By Thomas A. Parmalee

In funeral service, much of the profession’s most important work happens out of sight.

Families see the arrangement room, the chapel and the graveside service. They see the funeral director who guides them through one of the hardest moments of their lives. What they rarely see are the thousands of products, systems, and logistical details that make those moments possible.

For more than three decades, Alicia Carr, president and CEO of Kelco Supply Company, has lived in that unseen layer of funeral service — the space she describes as “the work behind the work.”

It is a place where operational excellence meets compassion. And it is where Carr has built both a career and a calling.

Growing Up Inside the Family Business

Carr’s connection to Kelco began long before she became its owner and CEO.

Leo Hodroff founded the company in 1939 as the L.H. Kellogg Chemical Co. At the time, he was attending the University of Minnesota, completing a degree in mortuary science, and working in his family’s funeral home. According to Kelco’s website, with his keen sense of vision and a $100 bank loan, Kelco began to grow.

As it did, he hired staff, which included Carr’s mother – Nira Mesker – who joined the company in 1971 after she relocated from North Dakota to Minnesota with her husband, David Mesker.

In 1971, Amedco, a corporate firm, acquired the company and retained ownership until 1986, when it was bought by Service Corp International.

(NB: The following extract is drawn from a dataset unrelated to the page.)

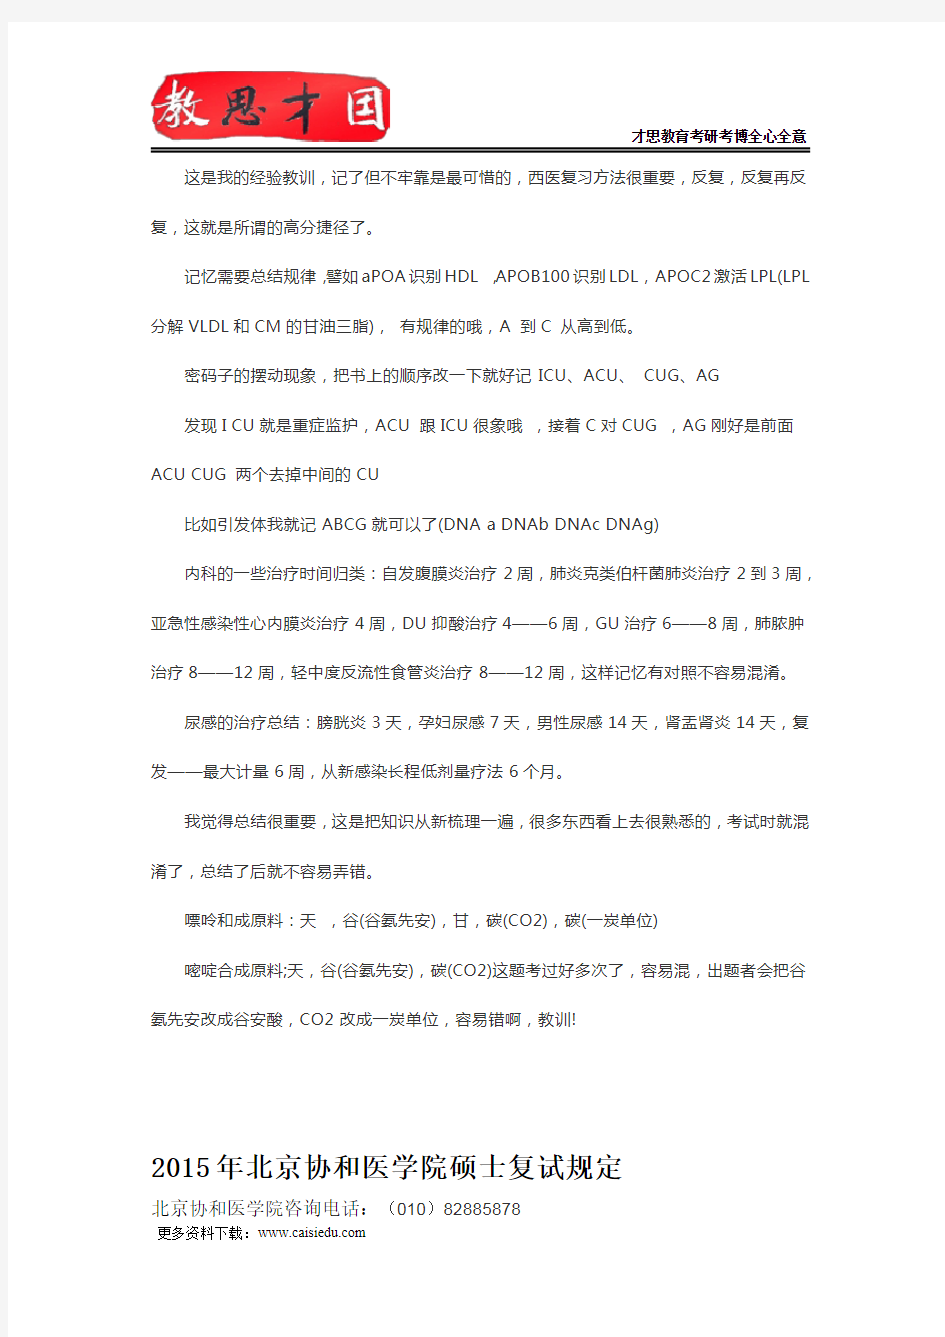 北京协和医学院306西医综合考研提升复习效率法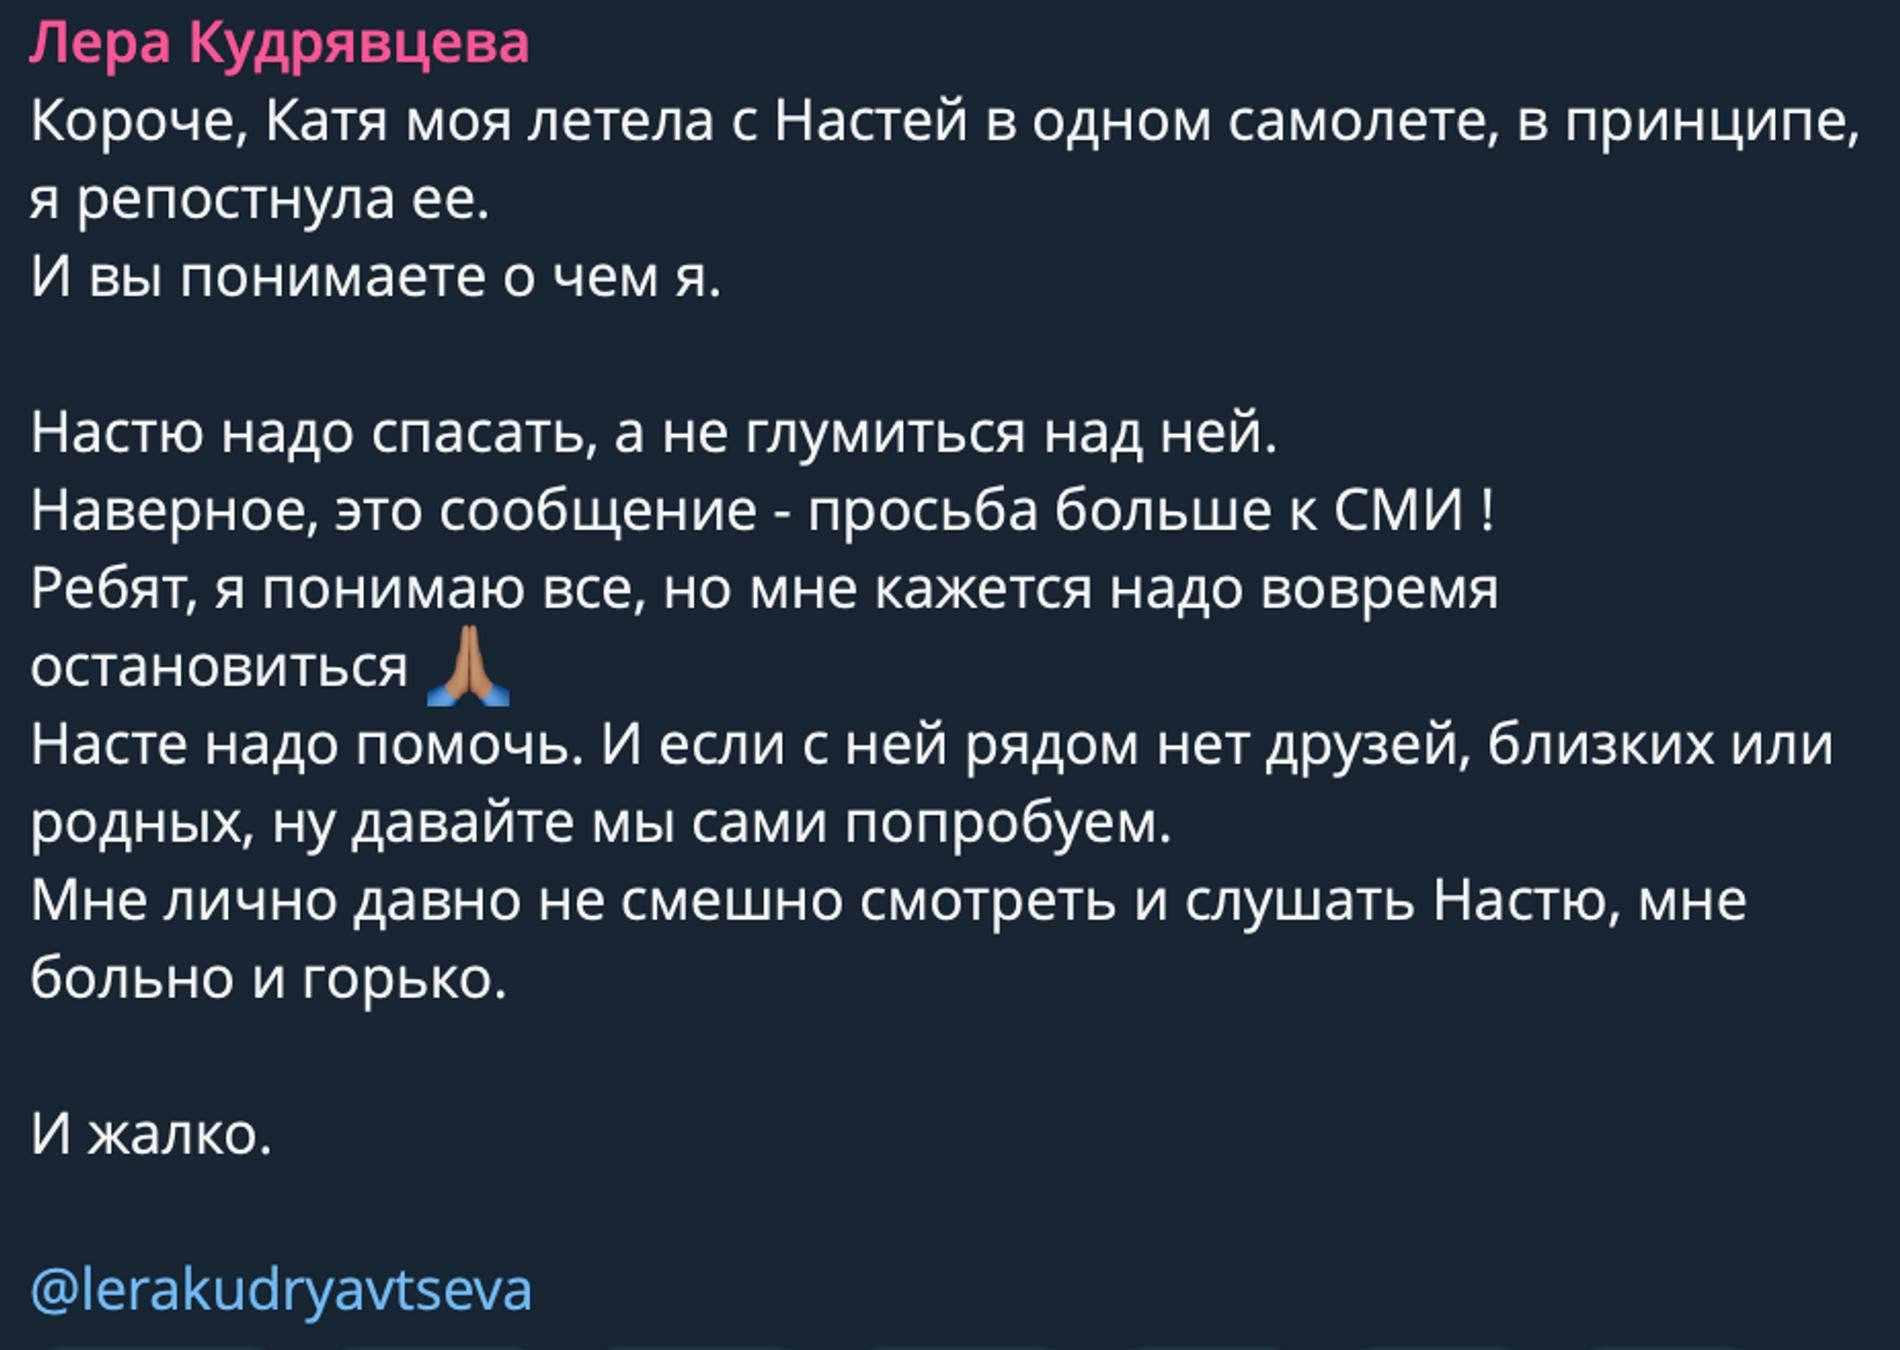 Фото: Telegram-канал Леры Кудрявцевой

Even though Kelco remained a successful business, SCI decided to sell it along with several other supply companies. In  1990, Carr’s mother – who by that time had been SCI’s controller for more than 15 years – bought the business.

Risking her life savings to become a business owner not only redefined her path, but it would change the trajectory of generations to come, including her children – and particularly, Alicia.

SCI helped finance the deal, allowing the family to make payments over time. Carr’s mother ran the operation; her father, a truck driver who had spent years hauling freight across a five-state region, transitioned into making local deliveries for another company.

It became a true family enterprise.

Carr – then about 15 years old and the middle child (she has a younger brother and older sister) – sorted mail, helped in the warehouse and tackled odd jobs. One memory still makes her laugh: a shipment of gloves that needed quality testing. The children were tasked with inflating each glove individually to check for holes.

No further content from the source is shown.